Known as modified RNN, GRU has outperformed in many fields and has proven in better performance compared to traditional RNN [38]. GRU demonstrated its superiority in forecasting such as wind power forecasting [39], aquaculture [40], air quality [41] and etc. GRU were also applied in predicting financial time series data. A study conducted on applicability of DL approach on predicting BANKEX data proved that GRU is capable in providing a day-ahead and four-steps ahead of all stock for S&P BSE-BANKEX trends with least error accuracy [10]. Other than that, GRU is also applied in sentiment classification cases since it is able to preserve semantics over time. Previous study by [42] showed that GRU able to able to capture sentimental relationship. However, these RNN algorithms also have limitations such as overfitting, intricacy, and inability to handle long-term dependencies.

In recent years, rather than depending solely on mathematical and traditional statistical methods, researchers have proposed a hybrid model that combines statistical methods and Machine Learning (ML) or DL methods for predicting stock prices. Hybrid models have been found to be effective for dealing with linear and non-linear characteristics in many cases [43] and boost prediction accuracy [44]. Hybrid models are preferable not only in terms of prediction results, but also in terms of robustness and extrapolation capabilities [45]. Hybrid models such as Deep Learning (DL) provide better and clearer results to aid investors’ expectation toward the stock trading. Due to the positive results of previous work, a hybrid of RNN and GARCH may give a better understanding of stock market predictions.

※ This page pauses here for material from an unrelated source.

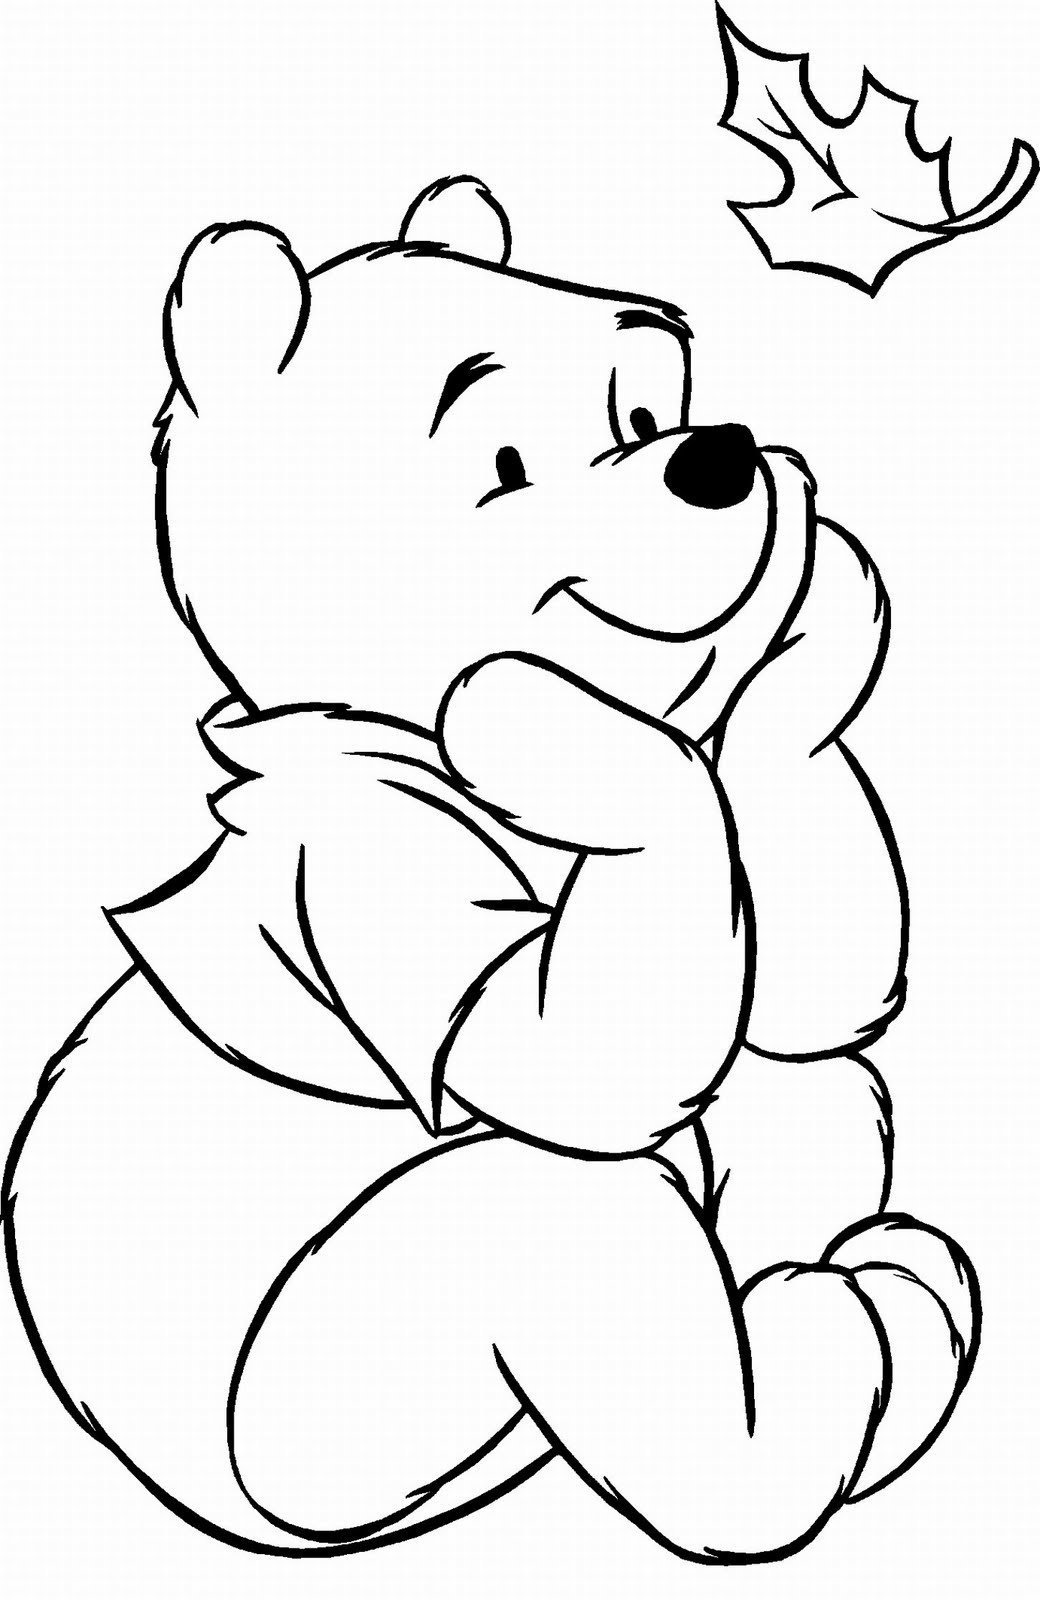 Download Disney Thanksgiving Coloring Pages, Winnie The Pooh Thanksgiving Coloring Printables

A hybridization model, for example, was demonstrated in [43] to increase forecasting accuracy. As demonstrated by the experimental results of the study, the hybrid ARIMA-ANN model outperformed all three other models used to forecast consumer price indexes (CPI) and the number of cancer patients expected in Yemen’s province. An article by [46] proposed the use of a hybrid LSTM for the Shanghai Stock Exchange (SSE). Among the findings of the study, it was found that the proposed hybrid LSTM model was able to achieve better performance in classifying investor sentiments than the baseline classifiers, and to predict stock prices better than the single model and models without sentiment analysis.

In the past, researchers have suggested that GARCH is ineffective when used as a single forecasting model [47]. Compared to a single model, a hybrid model, preferably with DL algorithm, is expected to overcome the weaknesses of GARCH and to improve forecasting performance [48, 49]. According to recent research on forecasting stock volatility, GARCH combined with LSTM was found to provide the best forecasting model among the other proposed models to predict copper price [47]. The combination of GARCH and LSTM once again demonstrates its credibility in predicting performance with high accuracy while also capturing normal volatility in the stock market [24]. Furthermore, it has been discovered that GRU coupled with GARCH can accurately predict the residual component of long-term satellite degradation under heteroscedasticity [50].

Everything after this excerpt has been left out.